[G.Polya]
Test by dimension is a
well-known, quick and efficient means to check geometrical or physical
formulas. 1. In order to recall the operation of the test, let us
consider the frustum of a right circular cone. Let
R be the radius of the lower base,
r the radius of the upper base,
h the altitude of the frustum,
S the area of the lateral surface of the frustum.
If R, r, h, are given, S is visibly determined, we find the
expression
S = pi(R+r)sqrt((R-r)^2+h^2)
to which we wish to apply the test by dimension.
The dimension of a geometric quantity is easily visible.
Thus, R,r,h are lengths, they are measured in centimetres
meters if we use scientific units, their dimension is cm
The area S is measured in square centimetres, is dimension
is cm^2. Now, pi=3.14159... is mere number if
we wish to ascribe a dimension to a purely numerical
quantity it must be cm^0=1
Each term of a sum must have the same dimension
which is also the dimension of the sum. Thus, R, r, and
R+r have the same dimension, namely cm. The two
terms (R-r)^2 and h^2 have the same dimension (*as they
must),.cm^2.
The dimension of a problem is the product of the dimensions
of its factors, and there is a similar rule about
powers. Replacing the quantities by their dimensions on
both sides of the formula that we are testing, we obtain
cm^2 = 1 * cm * sqrt(cm^2)
This being visibly so, the test could not detect any error
in the formula. The formula passed the test.
For other examples, see section 14 and CAN YOU CHECK THE RESULT?,2)
2. We may apply the test by dimension to the final
result of a problem or to intermediary results, to our own
work or to the work of others (very suitable in tracing
mistakes in examination papers), and also to formulas
that we recollect and to formula that we guess.
If you recollect the formulas 4pir^2 and 4pir^3/3 for the
area and the volume of the sphere, but are not quite sure
which is which, the test by dimension easily removes the
doubt.
3. The test by dimension is even more important in
physics than in geometry.
Let us consider a "simple" pendulum, that is, a small
heavy body suspended by a wire whose length we regard
as inseparable and whose weight we regard as neglible.
Let l stand for the length of the wire, g for the gravitational
acceleration, and T for the period of the pendulum.
Mechanical considerations show that T depends on l
and g alone. But what is the form of the dependence?
We may remember or guess that
T = cl^mg^n
where c, m, n are certain numerical constants. That is,
we suppose that T is proportional to certain powers, l^m,
g^n, of l and g.
We look at the dimensions. As T is a time, it is measured
in seconds, its dimension is sec.
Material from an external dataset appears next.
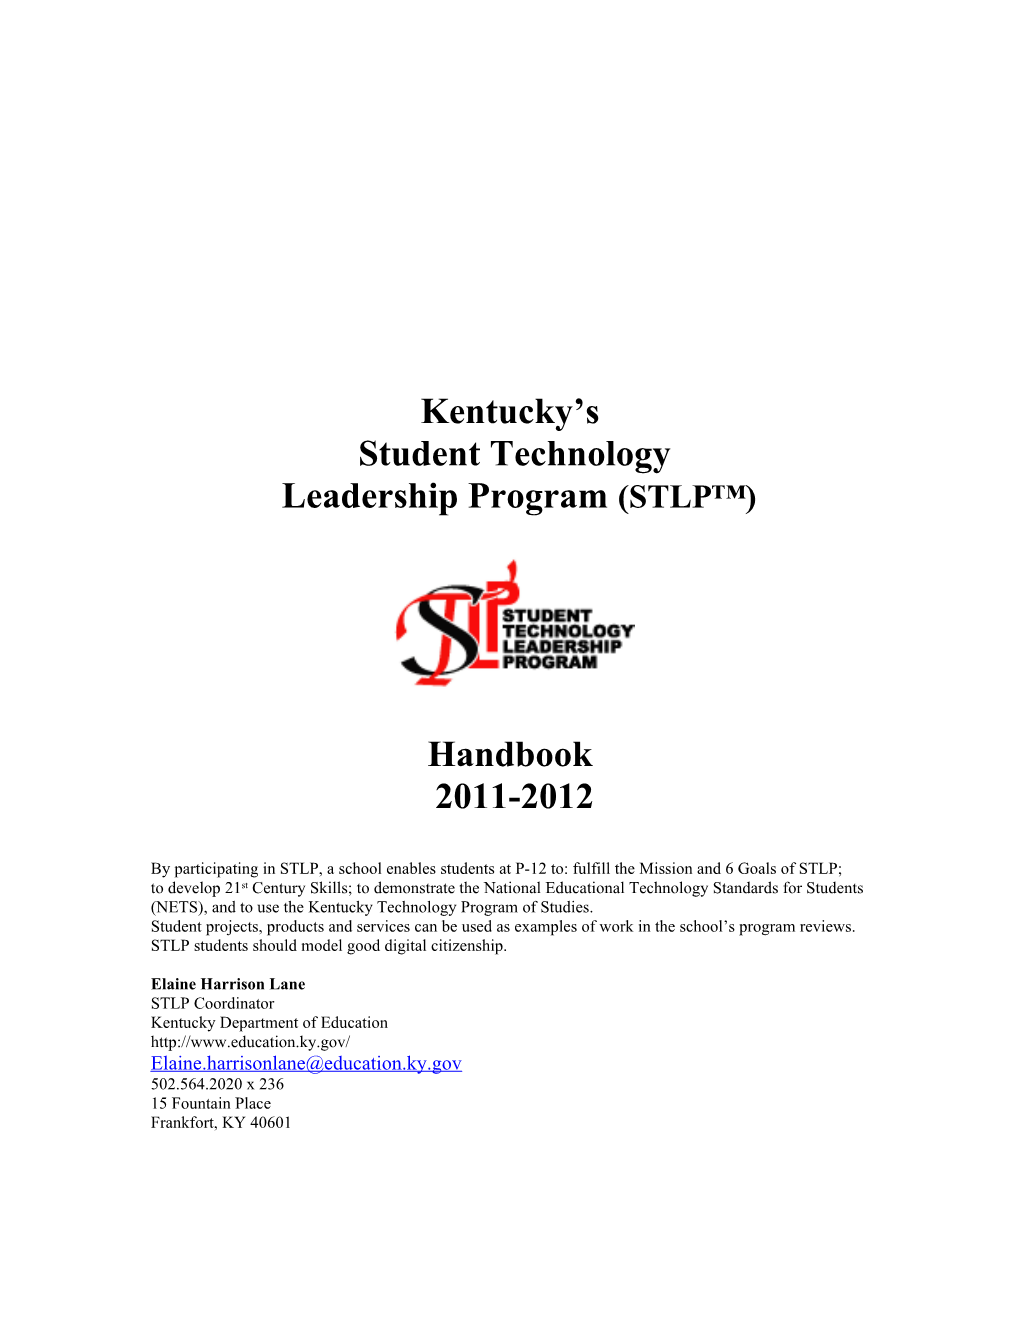 Kentucky S STLP Handbook 2005-2006

Thedimensionss of
the lengths l is cm, the dimension of the acceleration g is
cm sec^-2 and the dimension of the numerical constant c
is 1. The test by dimension yield the equation
sec = 1 * (cm)^m *(cm sec^-2)^n
or
sec = (cm)^(m+n) * sec^(-2n)
Now, we must have the same powers of the fundamental
units cm and sec on both sides, and thus we obtain
o = m + n 1 = -2n
and hence
n = -1/2 m = 1/2
Therefor, the formula for the period T must have the
form
T = c l^(1/2) g^(-1/2) = c sqrt(l/g)
The test by dimension yields much in this case but it
cannot yield everything. First, it gives no information
about the value of the constant c(which is, in fact 2pi).
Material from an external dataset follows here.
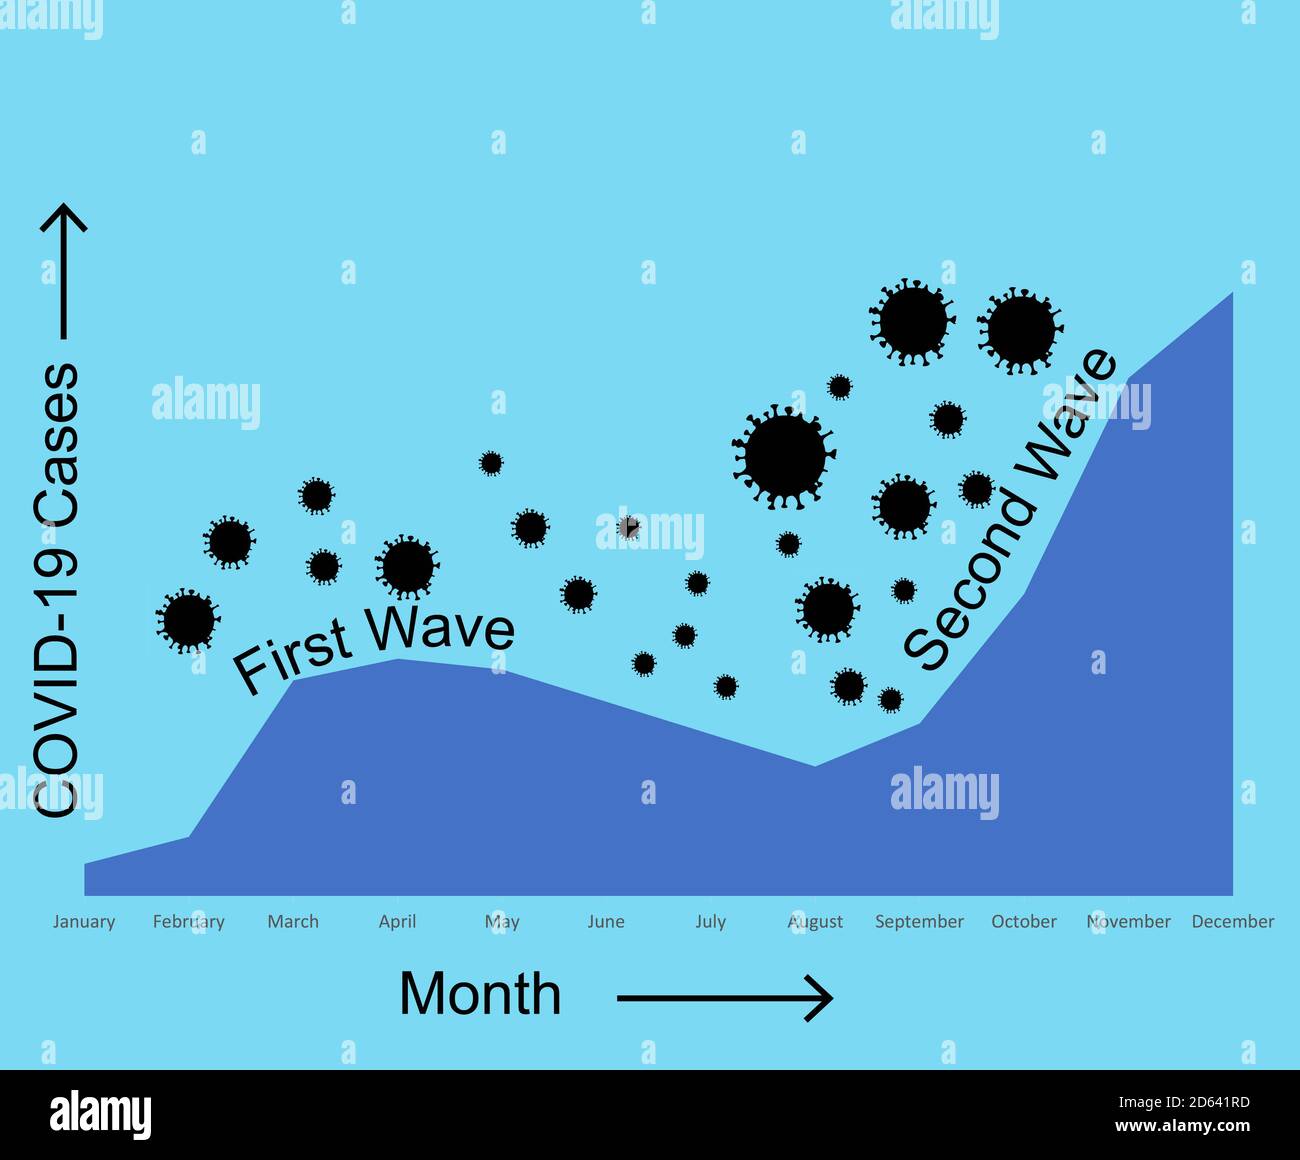 Las estadísticas muestran que la segunda ola de coronavirus aumenta rápidamente durante el otoño ilustración vectorial Foto de stock

Second, it gives no information about the limits of validity;
the formula is valid only for small oscillation of the
pendulum and only approximately (it is exact or "infinitely
small" oscillations). In spite of these limitations
there is no doubt that the consideration of the dimensions
has allowed us to foresee quickly and with the most
elementary means an essential part of a result whose
exhaustive treatment demands much more advanced
means. And this is so in many similar cases.